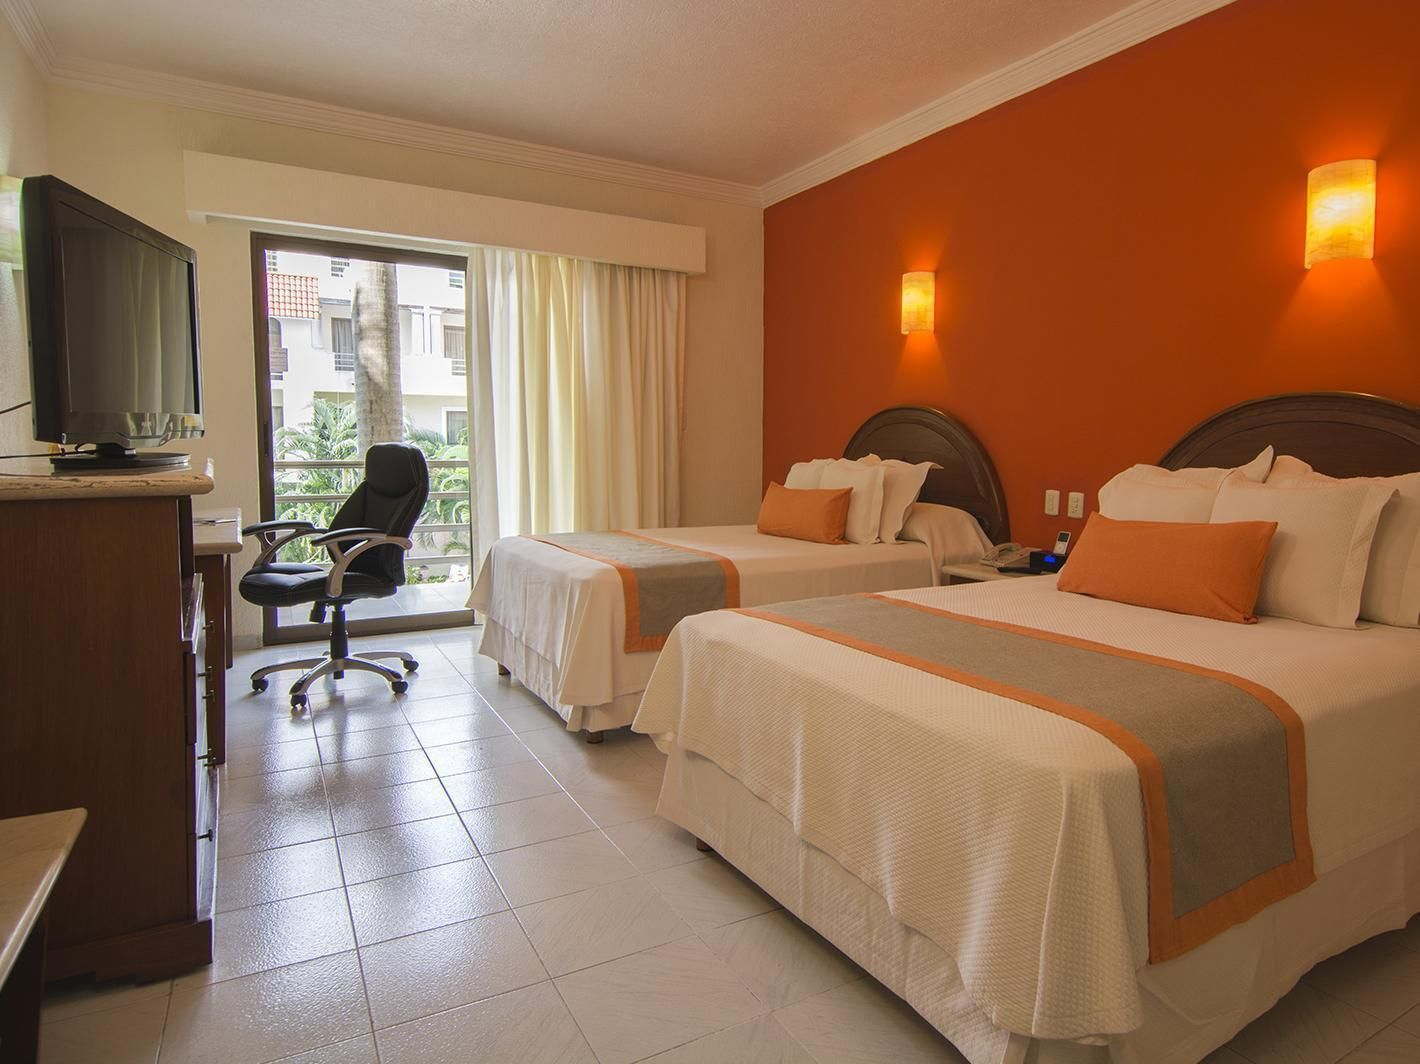 Adhara Hacienda Cancun Hotel Adhara Hacienda Cancun Hotel Cancun Mexico North America
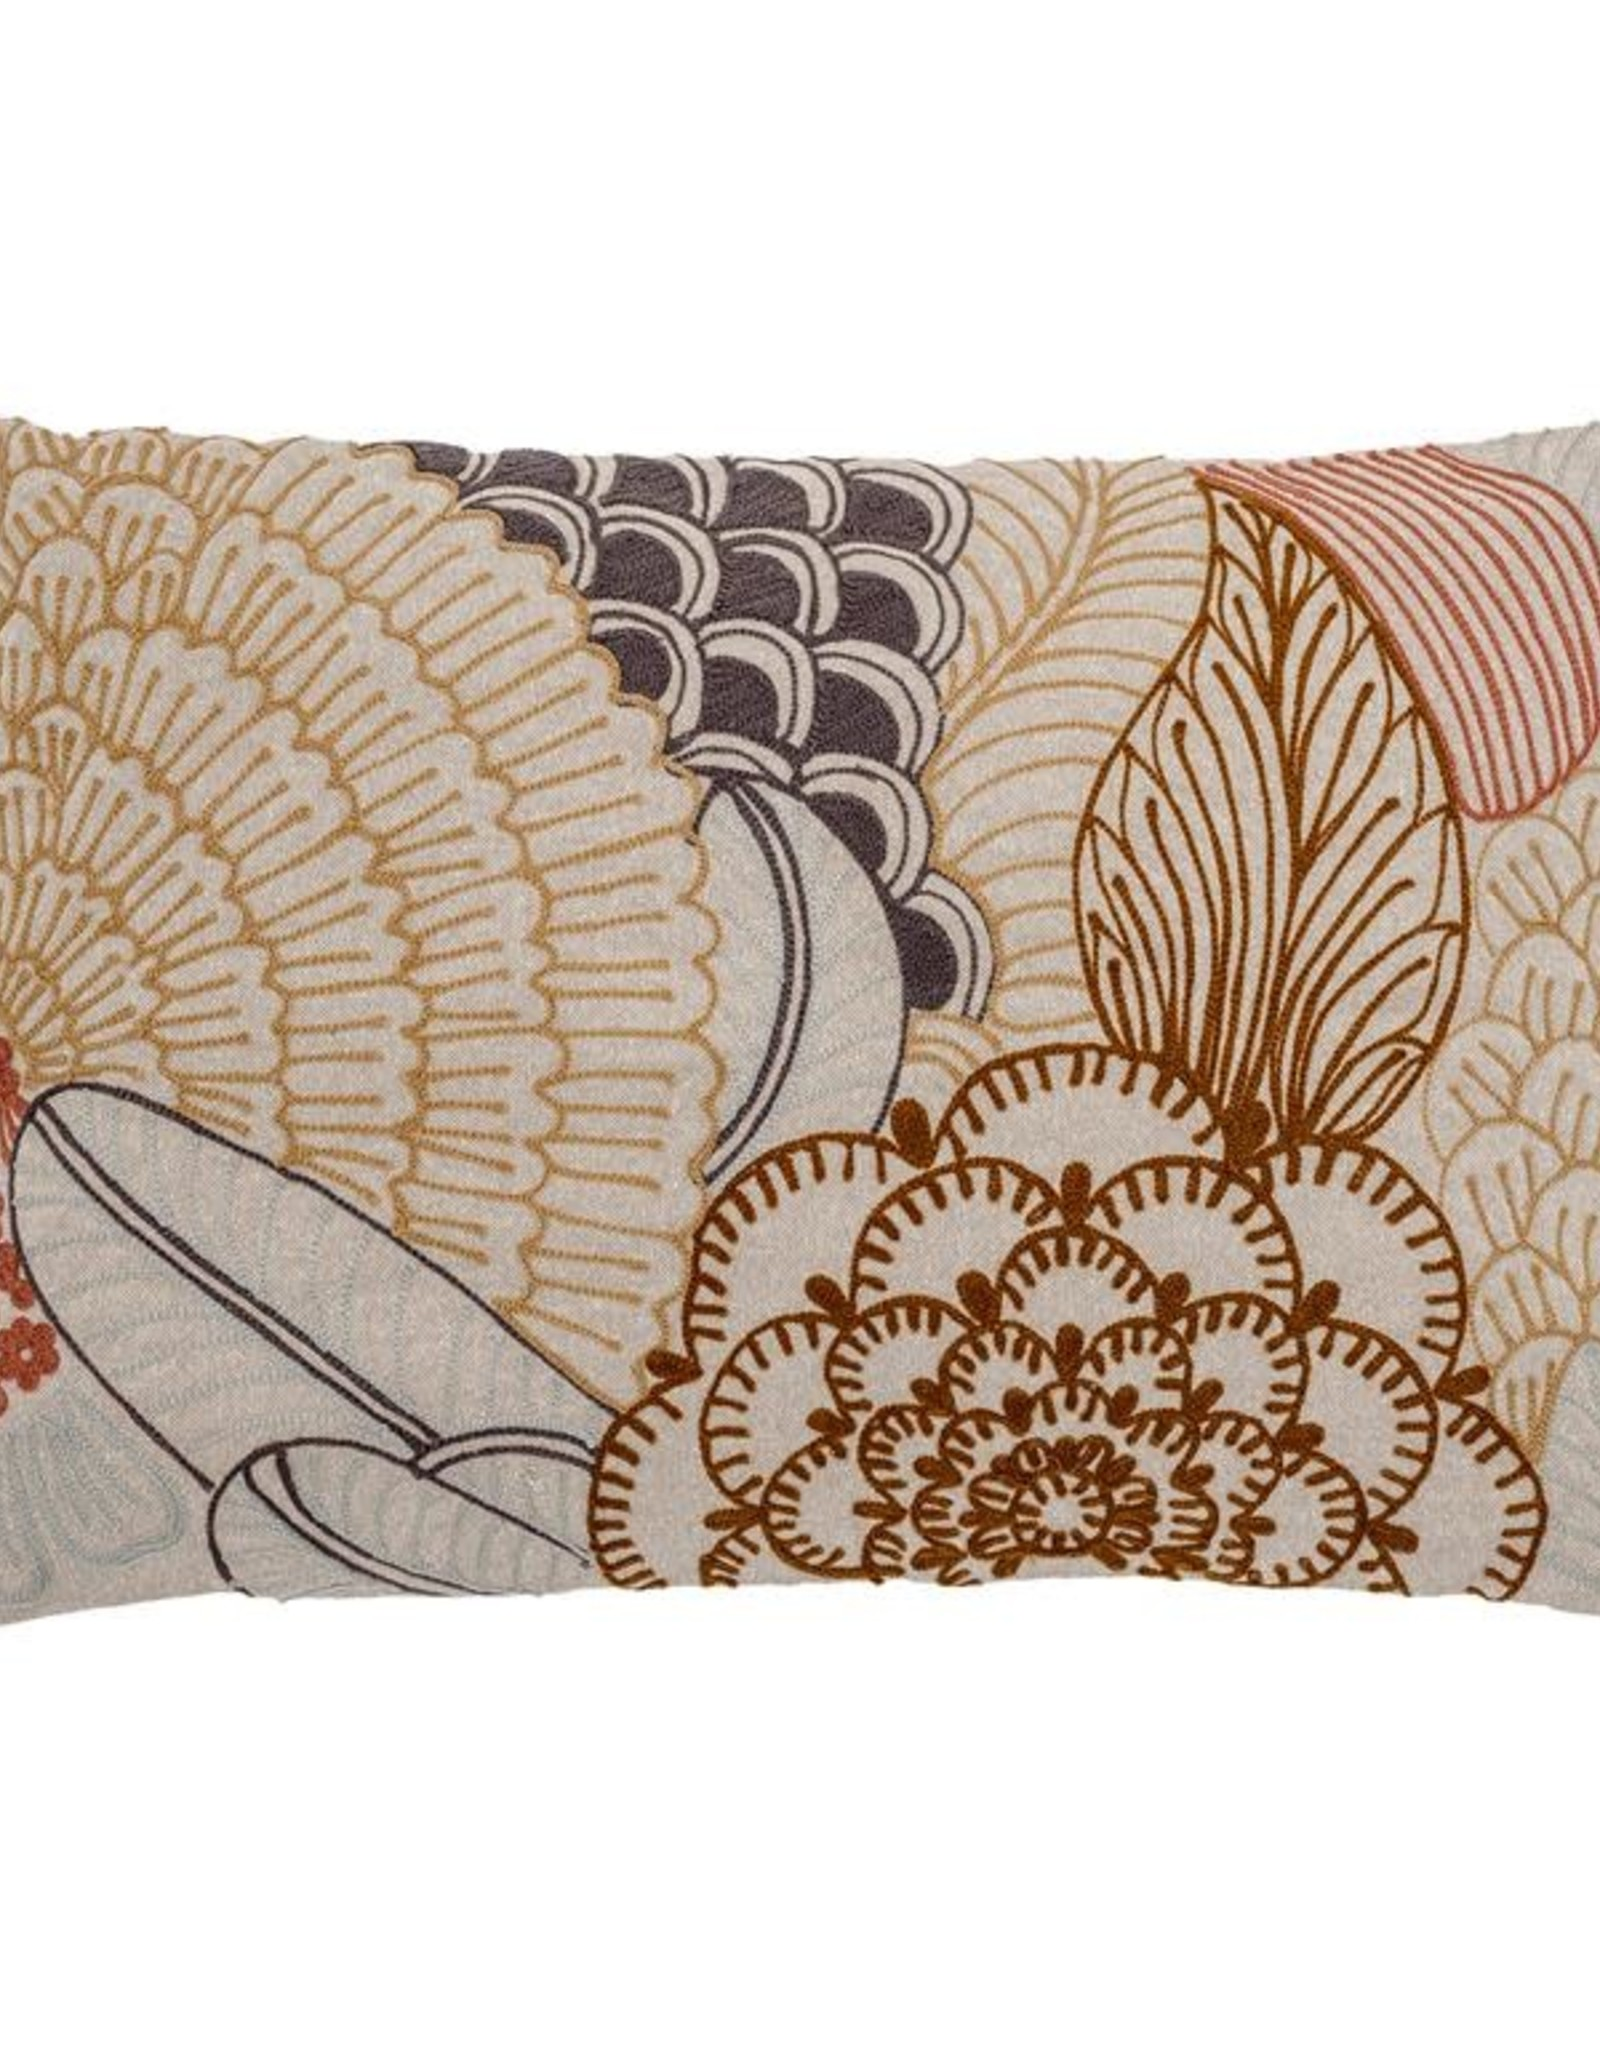 Bloomingville Bloomingville - Graham - Cushion, Nature, Cotton 60x40cm
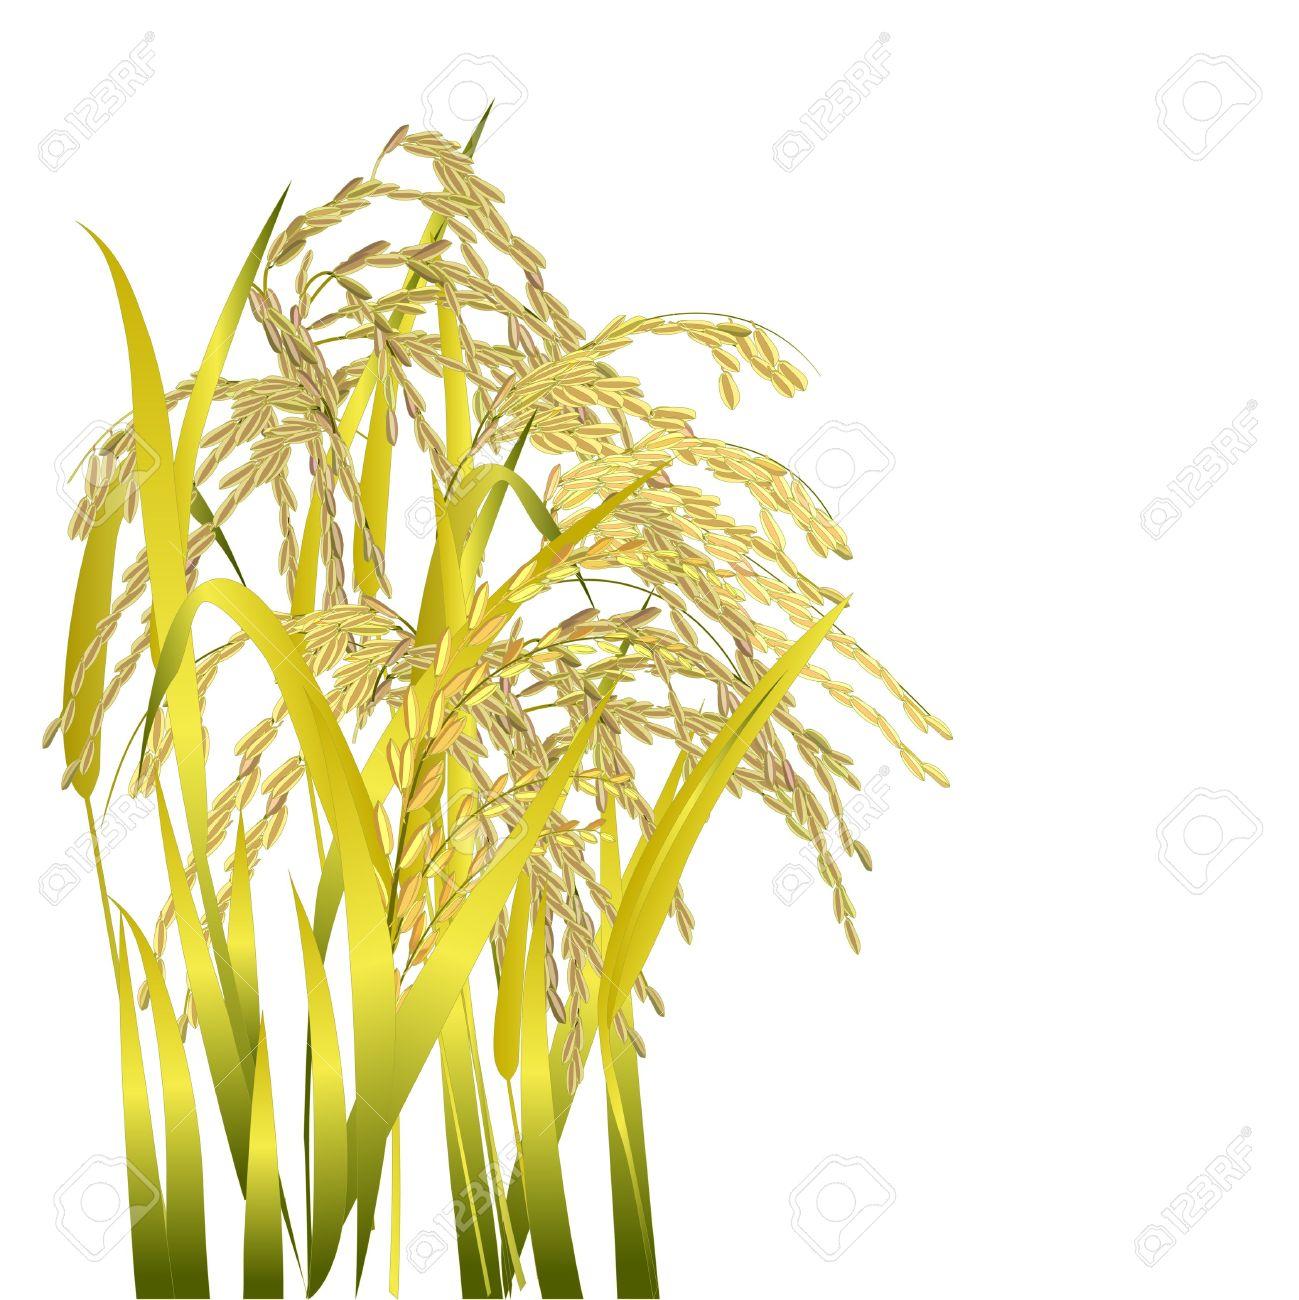 Clipart rice grains.

Aim of the exercise » Copy the whole of the material above exactly, and exclude every picture.

Answer »
 Adhara Hacienda Cancun Hotel Adhara Hacienda Cancun Hotel Cancun Mexico North America
 Bloomingville Bloomingville - Graham - Cushion, Nature, Cotton 60x40cm
 Clipart rice grains.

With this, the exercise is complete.